Dreams and nightmares

Let's talk about dreams. Dreams are, well, strange. I have some interesting dreams though, and I thought I'd share some of my thoughts about them. I didn't use to have particularly notable dreams, but as I've started taking melatonin to sleep, my dreams have been extremely vivid, much stranger, and much more memorable. I don't want to go into the details of my dreams, not because they aren't interesting, but rather because that's a private aspect of my life that I don't want to share. I do want to talk about a pattern I noticed in them, though.

I have two kinds of dreams, for the most part: A recurring nightmare, and the weird stuff. Many people have recurring nightmares, which come in many forms; in my case, I dream that I'm lying in bed falling asleep. I'm unable to move and unable to talk, but I'm not paralyzed, I just can't will myself to do it. I feel afraid, like something very bad is about to happen, but mostly I feel trapped and helpless. Now, of course, to a certain extent dreams are just dreams, you can't read too much into them. But, I do find it interesting that I see those themes in my nightmares, because they are the very same negative feelings I feel during my waking hours: Feeling unable to motivate myself to do anything, feeling stuck with my life as it is and helpless to change the way things are.
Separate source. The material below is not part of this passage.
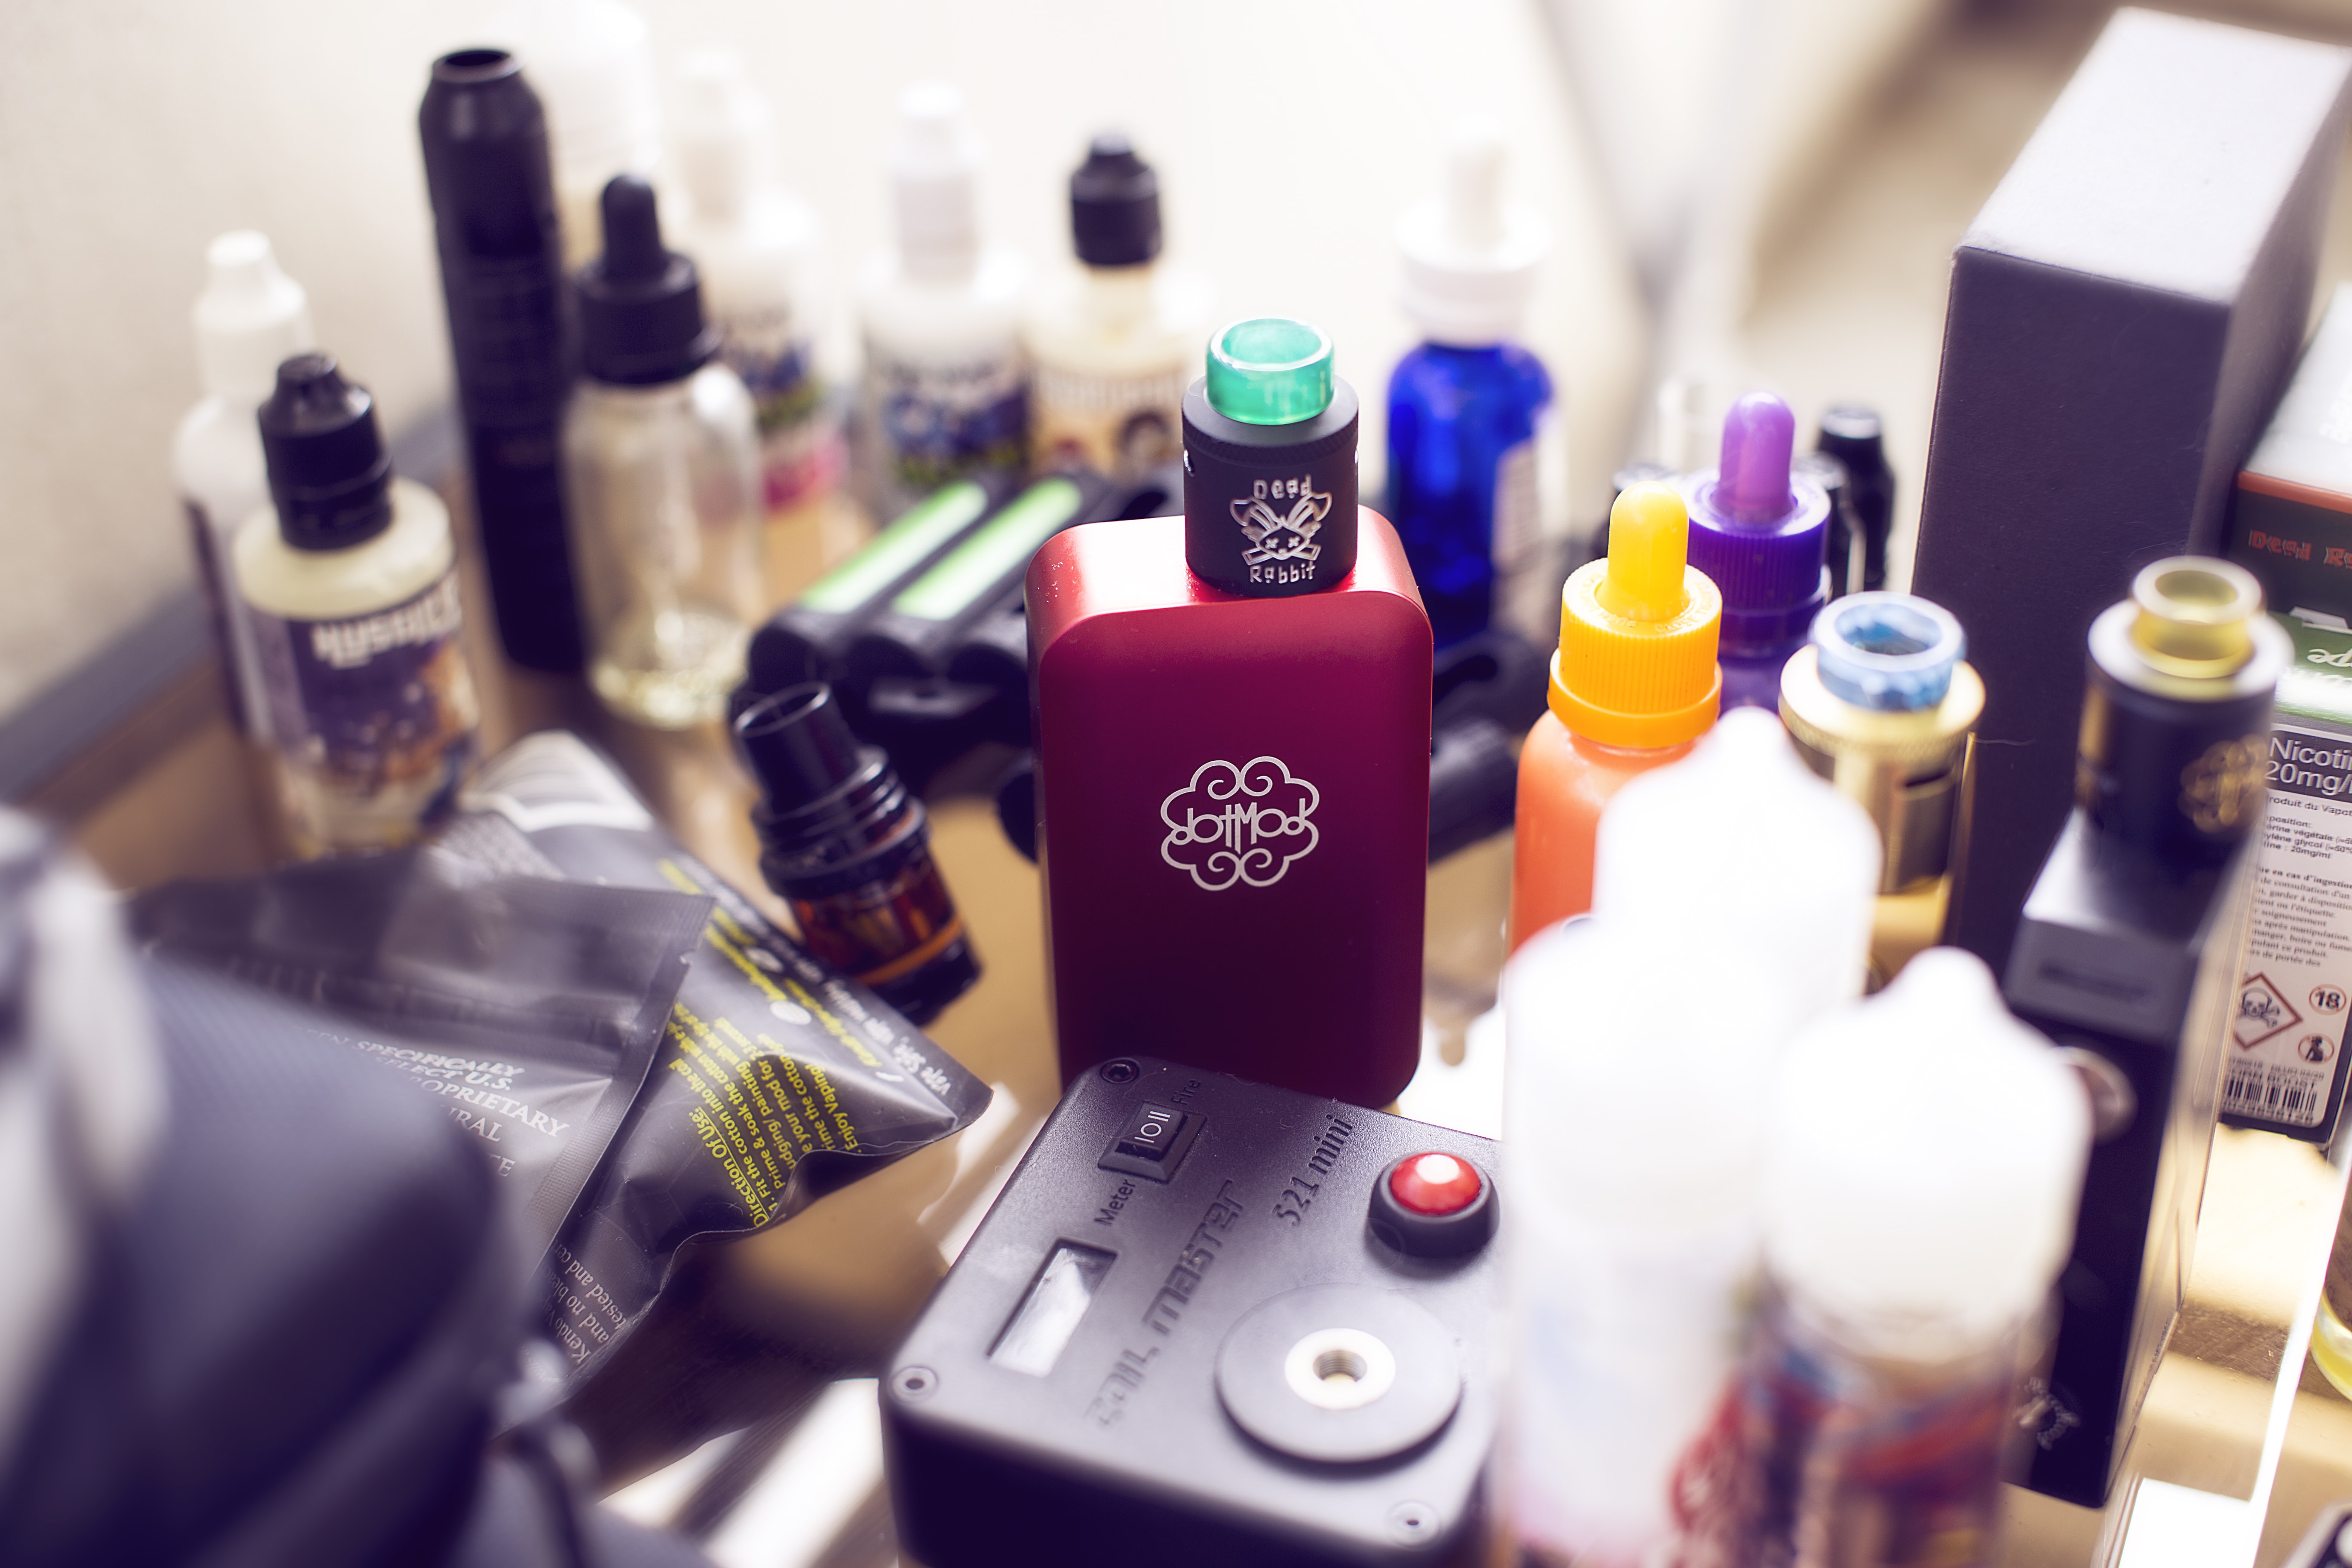 red box mod vape beside e-juice bottles - The Future Of Vaping

But, nightmares aren't all that interesting. The dreams everyone's interested in are the strange ones, and oh boy, do I have some strange dreams. Again, I don't want to go into the details right now, maybe in the future, but I would like to mention that I see some patterns in those dreams as well, namely, that they're always pleasant. Sometimes good things are happening to me, sometimes bad things are happening, but I'm always happy. My theory as to why is that in order to lose something, you must first have something to lose; even though bad things happen in some of those dreams, my current circumstances must be better in order for something bad to happen, therefore, I'm always happier. Of course, that's not how life really works; something bad could happen to me now, even though I have none of the things I dream about, but it perhaps is how my brain works. We are often ignorant to the things we already have, for better or for worse.

As an unrelated parting note, I would like to comment that RSS... kind of sucks? I spent half an hour trying to figure out how adding line breaks to an RSS feed works, and the solution was so incredibly stupid that... well, look for yourself! View the raw XML of this feed, it might take a moment to recognize, but you'll see what I mean!